▶ **DATA SECTION**
-*-*-
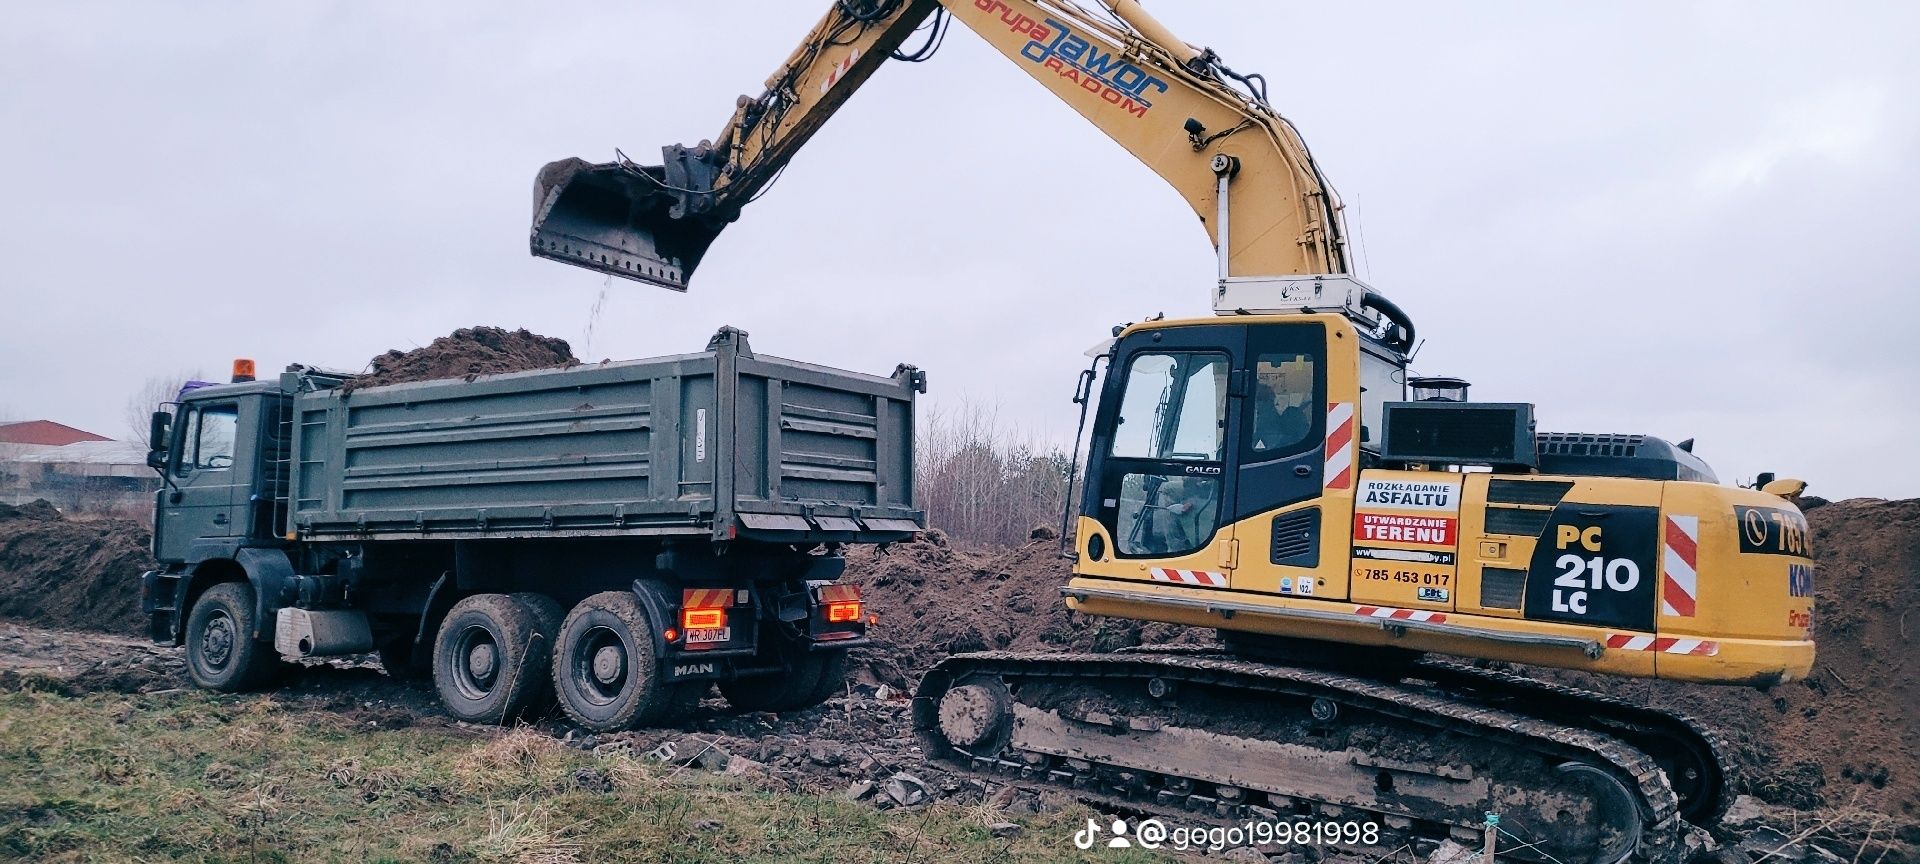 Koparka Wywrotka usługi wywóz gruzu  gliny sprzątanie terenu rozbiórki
-*-*-
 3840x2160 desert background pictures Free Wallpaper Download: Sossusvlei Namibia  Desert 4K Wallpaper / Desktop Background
-*-*-
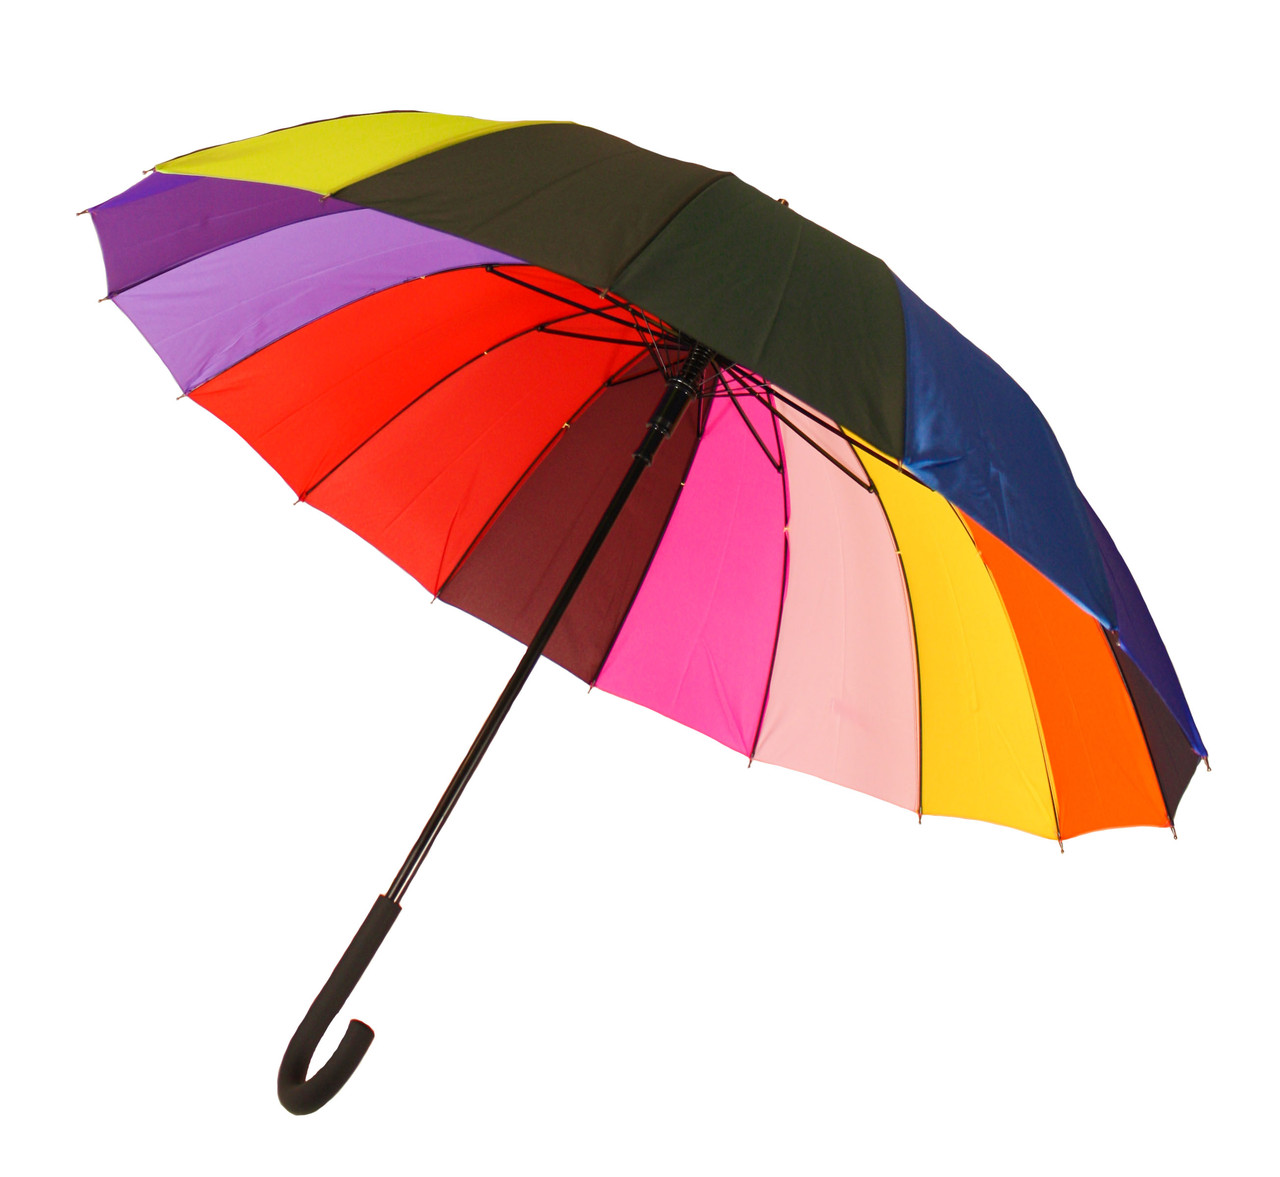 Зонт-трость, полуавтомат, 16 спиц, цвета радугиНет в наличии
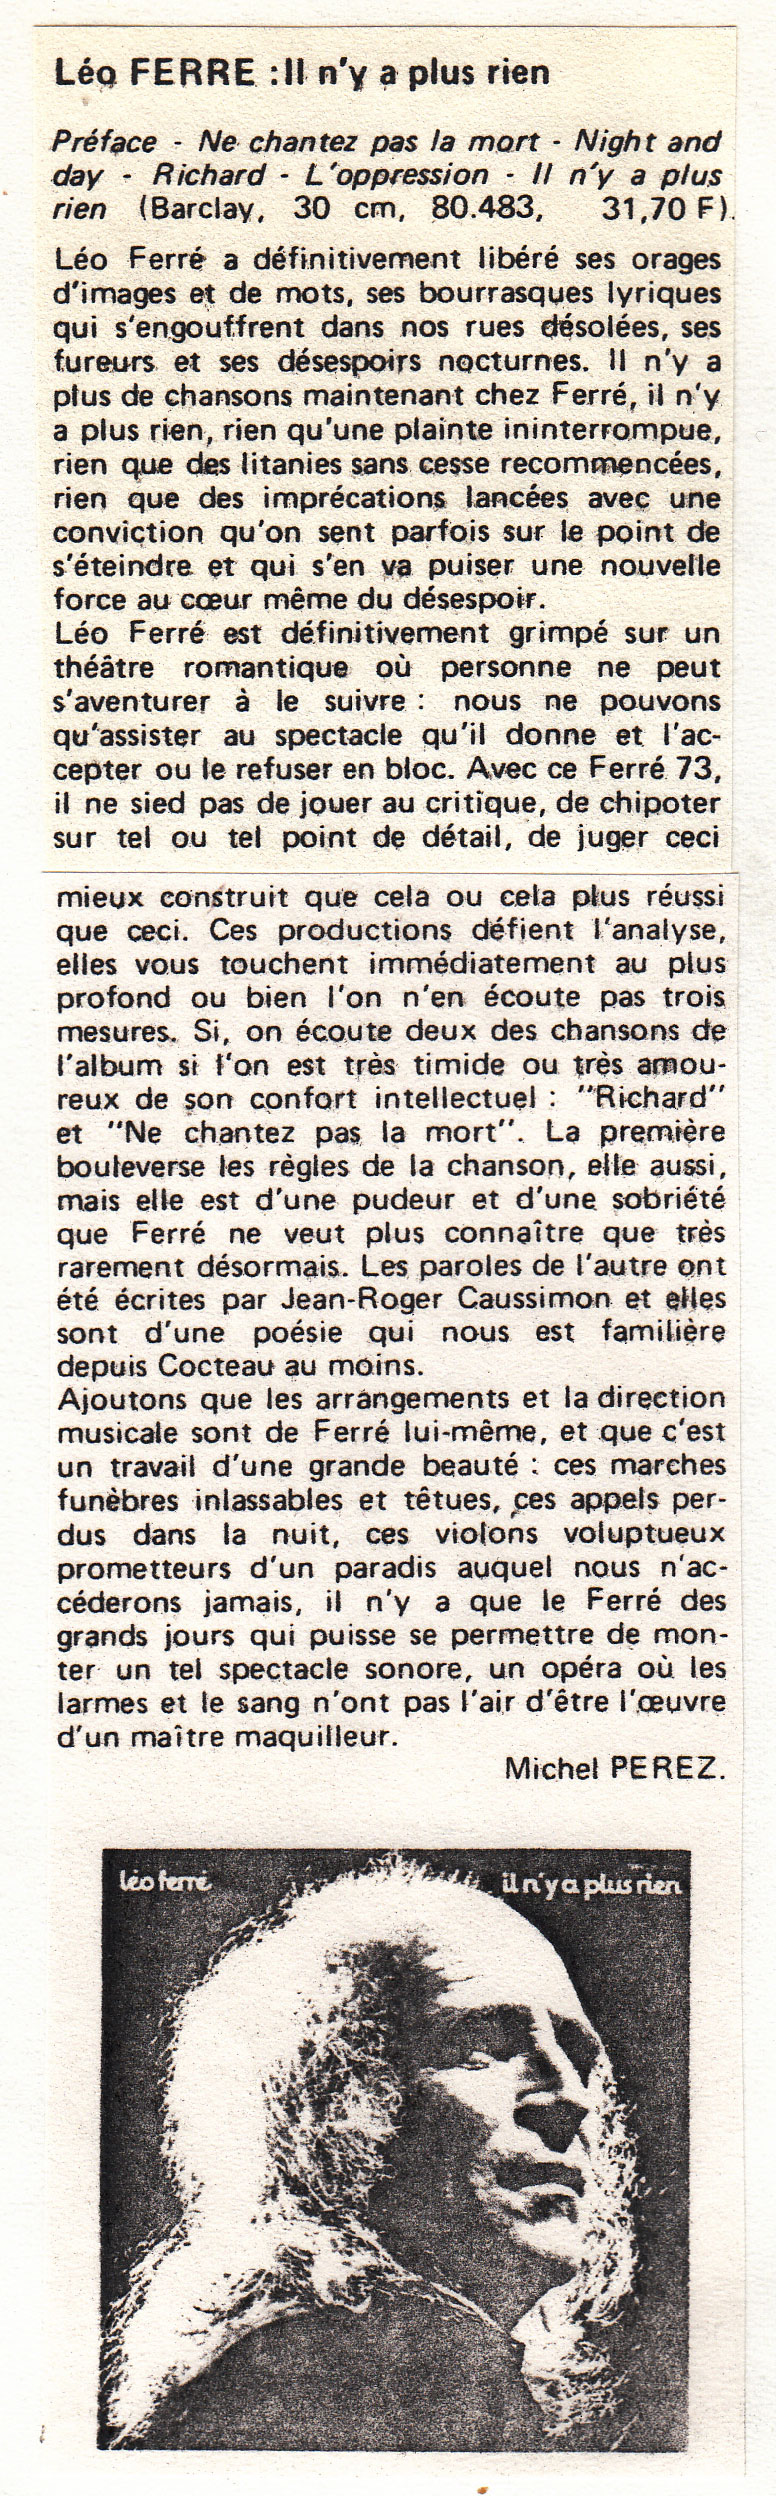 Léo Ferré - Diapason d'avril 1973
-*-*-
▶ **EXERCISE BRIEF**
Above are the records; please give again, exactly and in full, only the lines that run from the line with "Зонт-трость, полуавтомат, 16" through the line with "Léo Ferré - Diapason d'avril 1973", with no pictures.

▶ **ANSWER BOX**
 Зонт-трость, полуавтомат, 16 спиц, цвета радугиНет в наличии
 Léo Ferré - Diapason d'avril 1973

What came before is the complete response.